Putting in the expression for ∆V and simplifying, we get:
∆ρ/∆t = -ρβ∆t
Therefore,
∆ρ = -ρβ∆t
which shows that the change in density (∆ρ) is proportional to the negative product of the original density (ρ), coefficient of volumetric thermal expansion (β), and change in temperature (∆t).
To show that ∆ρ = -ρβ∆t, where ∆ρ is the change in density, ρ is the initial density, β is the volume coefficient of thermal expansion, and ∆t is the change in temperature, we can use the formula for volume expansion and the definition of density.
The formula for volume expansion is:
∆V = Vβ∆t
where ∆V is the change in volume, V is the initial volume, and β is the volume coefficient of thermal expansion.
Density is defined as the mass divided by the volume:
ρ = m/V
where ρ is the density, m is the mass, and V is the volume.
We can rewrite the formula for density as:
m = ρV
Now, let's consider the change in density. The change in density (∆ρ) can be calculated by taking the final density (ρ + ∆ρ) and subtracting the initial density (ρ):
∆ρ = (ρ + ∆ρ) - ρ
Simplifying this expression, we get:
∆ρ = ∆ρ
Next, we will relate the change in density to the change in volume (∆V) and the change in temperature (∆t).

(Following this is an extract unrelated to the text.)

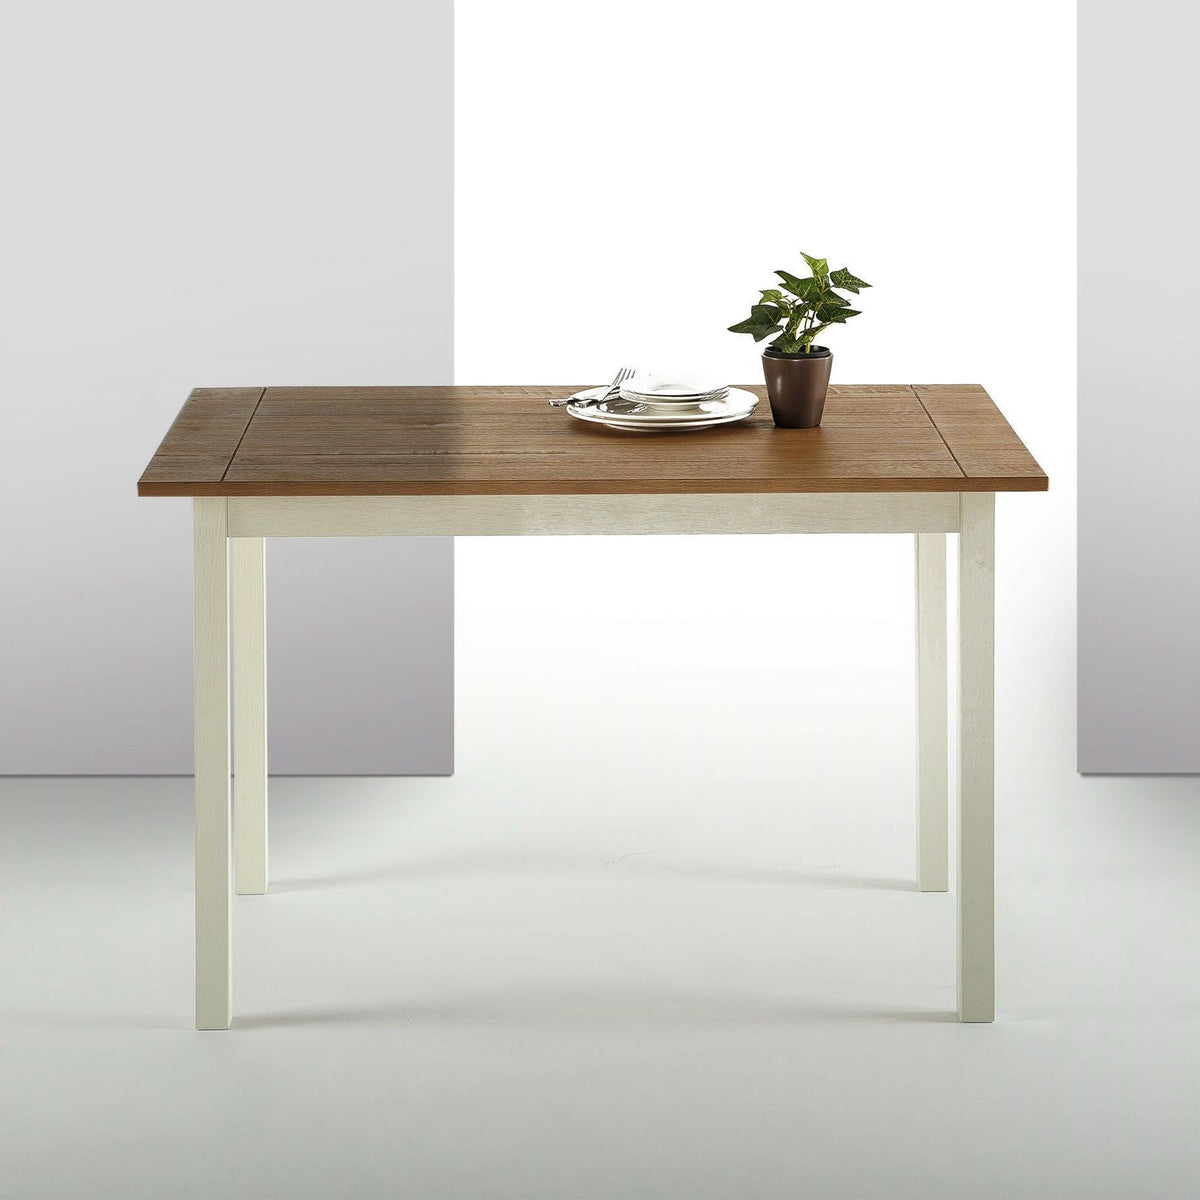 Classic Pine Wood 45 x 28 inch Dining Table with White Legs

Using the formula for volume expansion (∆V = Vβ∆t), we can express the change in volume (∆V) as a function of the initial volume (V), the volume coefficient of thermal expansion (β), and the change in temperature (∆t):
∆V = Vβ∆t
Now, we will express the initial volume (V) in terms of the initial density (ρ) and the mass (m) using the definition of density (ρ = m/V):
V = m/ρ
Substituting this expression for V in the formula for volume expansion, we get:
∆V = (m/ρ)β∆t
Next, we will express the change in mass (∆m) as a function of the initial mass (m) and the change in density (∆ρ):
∆m = (m + ∆m) - m
Simplifying this expression, we get:
∆m = ∆m
Now, let's express the change in mass (∆m) in terms of the initial mass (m) and the change in density (∆ρ) using the definition of density (ρ = m/V):
∆m = (∆ρ)V
Substituting the expression for V in terms of ρ, we get:
∆m = (∆ρ)(m/ρ)
Now, let's express the change in volume (∆V) in terms of the change in mass (∆m) using the definition of density (ρ = m/V):
∆V = (∆m)/ρ
Substituting the previously derived expression for ∆m, we get:
∆V = (∆ρ)(m/ρ)/ρ
Now, let's express the change in density (∆ρ) in terms of the change in volume (∆V) and the initial density (ρ):
∆ρ = (∆V)(ρ²/m)
By substituting ∆V = Vβ∆t and ρ = m/V into the above expression, we get:
∆ρ = (Vβ∆t)(m²/V²m) = β∆t(m/V) = β∆tρ
Finally, we have:
∆ρ = β∆tρ
Which is the desired result.
Therefore, we have shown that ∆ρ = -ρβ∆t.